Cette techno-dépendance entraîne donc une utilisation chronique des outils numériques, qui sont désormais omniprésents dans la vie quotidienne. Cette frénésie de consommation numérique évolue de façon exponentielle. Elle s’accompagne invariablement d’une hausse des dysfonctionnements qui deviennent de plus en plus insupportables pour les Français et l’intensité de leur impact est non négligeable :

 

- la première source d’irritation mentionnée par les Français concerne la perte d’un réseau, qu’il s’agisse du téléphone ou d’Internet : cette situation a déjà été vécue par près de 90% des personnes interrogées

 

- les sites web peu ergonomiques ou peu adaptés sont mis en cause par 88%

 

- les sollicitations des applications, qui cherchent à empiéter sur la vie privée, exaspèrent 84% des interviewés

 

- loin de simplifier la vie, 83% des logiciels grand public et 70% des logiciels professionnels ont déstabilisé leurs utilisateurs

 

- la perte de ses données, au travail ou de documents personnels, a déjà touché 81% des personnes interrogées

 

- 81% des Français ont déjà dû gérer des dysfonctionnements lors de l’utilisation de bornes tactiles, destinées à fournir des services comme la vente de tickets

 

- 78% des personnes interrogées ont déjà connu des difficultés lors de l’installation d’un équipement périphérique (imprimante, scanner, photocopieur…)

 

- 77% des interviewés ont rencontré des problèmes pour effectuer des démarches administratives en ligne.

 

 

Le sentiment général est que les nouvelles technologies accentuent le rythme et la pression de la vie quotidienne.
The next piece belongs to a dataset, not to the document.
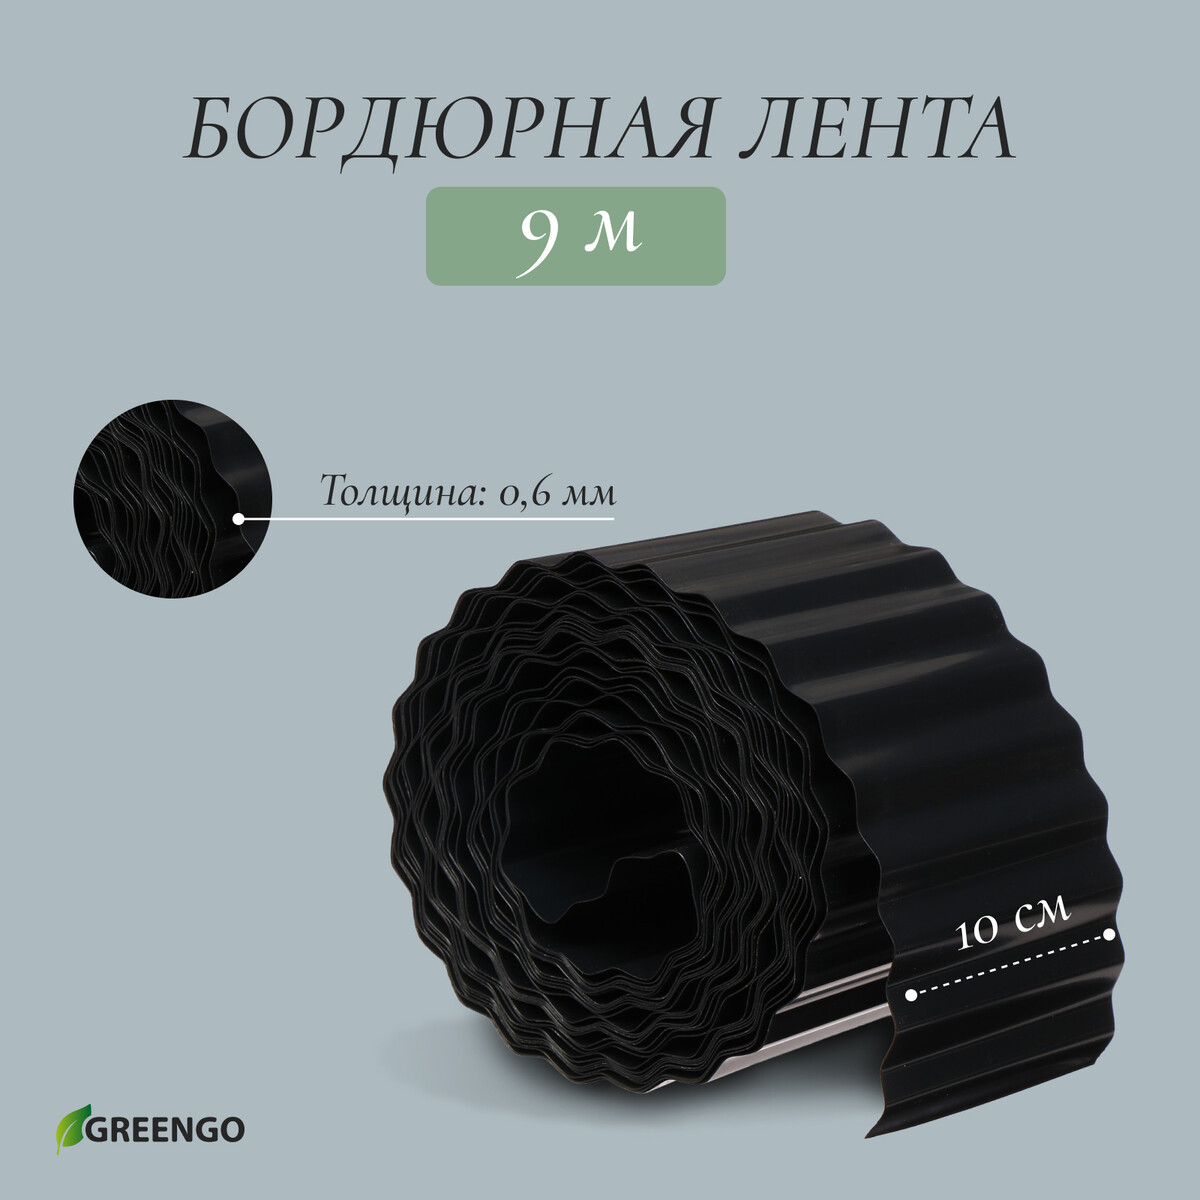 Лента бордюрная, 0.1 × 9 м, толщина 0.6 мм, пластиковая, гофра, черная, greengo

Leur efficacité est ainsi remise en cause. De même, les personnes interrogées font part de leur perte de repères face à la rapide mutation de ces technologies. La conclusion est sans appel : 58% des Français déclarent que les nouvelles technologies ne contribuent pas au bonheur, mais a au contraire rendu certaines tâches plus stressantes.

 

 

La dualité française face aux nouvelles technologies

 

Malgré ses aléas, la perception négative qu’ont les Français du numérique et les animosités dont il fait l’objet, force est de constater que dans l’Hexagone, on ne cède pas à la folie passagère appelée « Computer Rage » Outre-Atlantique. En effet, seul 2% des sondés avouent avoir des excès de rage et des réactions viscérales (énervement/ panique/ violence) face aux difficultés rencontrées. Pour 62%, la contribution des technologies à la vie quotidienne est cependant perçue comme positive dans certains cas. 76% des Français estiment qu’elles s’avèrent également efficace pour simplifier certaines tâches courantes, comme pouvoir accéder à des services publics en ligne.

 

Cette approche de la technologie démontre que les Français sont en train de rechercher un nouvel équilibre dans un univers régi par le numérique. Entre addiction et autorégulation, l’évolution se fera sans aucun doute par palier et la consommation du numérique telle que c’est le cas aujourd’hui sera non seulement digérée mais également intégrée dans notre ADN. En revanche, demeure un problème majeur : les dysfonctionnements engendrés par les nouvelles technologies qui risquent de faire de cette (r)évolution culturelle un cercle vicieux alors qu’il pourrait être vertueux.